Avoiding runtime penalty
In order to avoid the above runtime penalty, post 1.4.2 Git used to have a code that made sure the index file got a timestamp newer than the youngest files in the index when there were many young files with the same timestamp as the resulting index file otherwise would have by waiting before finishing writing the index file out.

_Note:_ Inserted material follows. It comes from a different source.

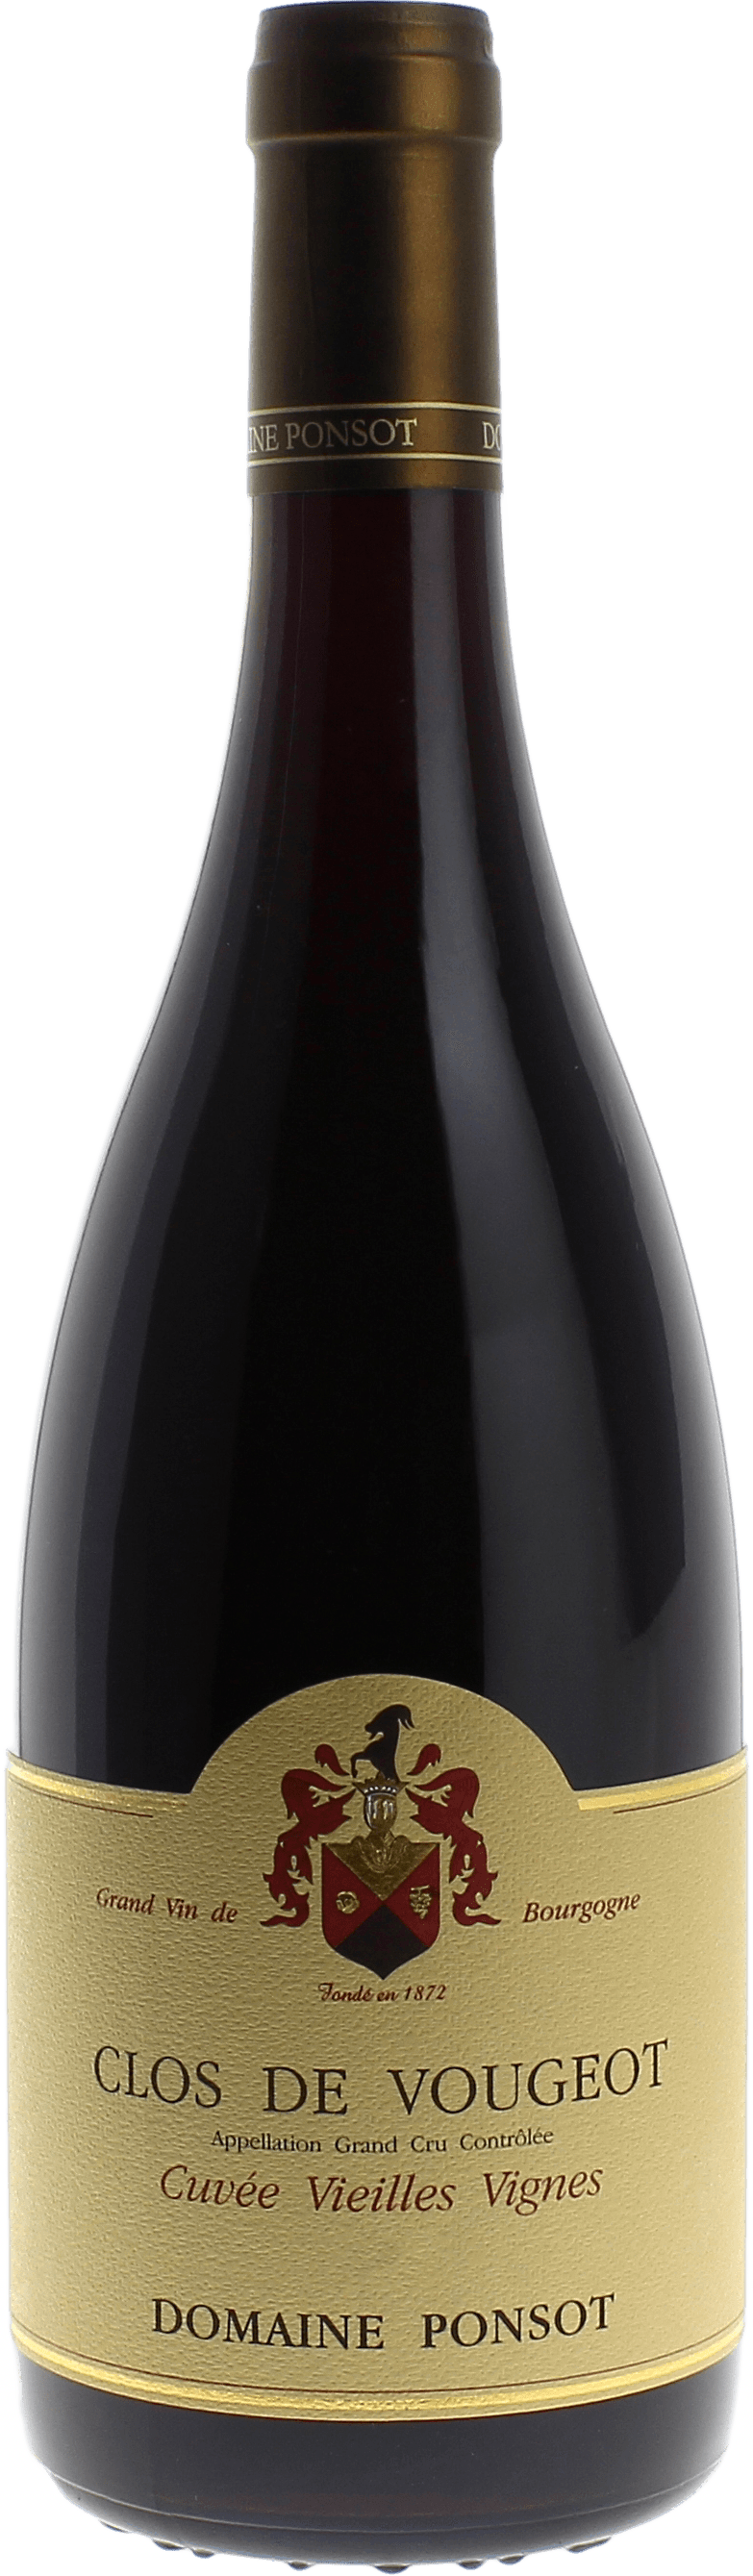 Clos de vougeot grand cru cuve vieilles vignes 2016 Domaine PONSOT, Bourgogne rouge

I suspected that in practice the situation where many paths in the index are all racily clean was quite rare. The only code paths that can record recent timestamp for large number of paths are:
-
Initial
git
add
. of a large project. -
git
checkout
of a large project from an empty index into an unpopulated working tree.
Note: switching branches with git
checkout
keeps the cached
stat information of existing working tree files that are the
same between the current branch and the new branch, which are
all older than the resulting index file, and they will not
become racily clean. Only the files that are actually checked
out can become racily clean.
In a large project where raciness avoidance cost really matters, however, the initial computation of all object names in the index takes more than one second, and the index file is written out after all that happens. Therefore the timestamp of the index file will be more than one second later than the youngest file in the working tree. This means that in these cases there actually will not be any racily clean entry in the resulting index.
Based on this discussion, the current code does not use the "workaround" to avoid the runtime penalty that does not exist in practice anymore. This was done with commit 0fc82cff on Aug 15, 2006.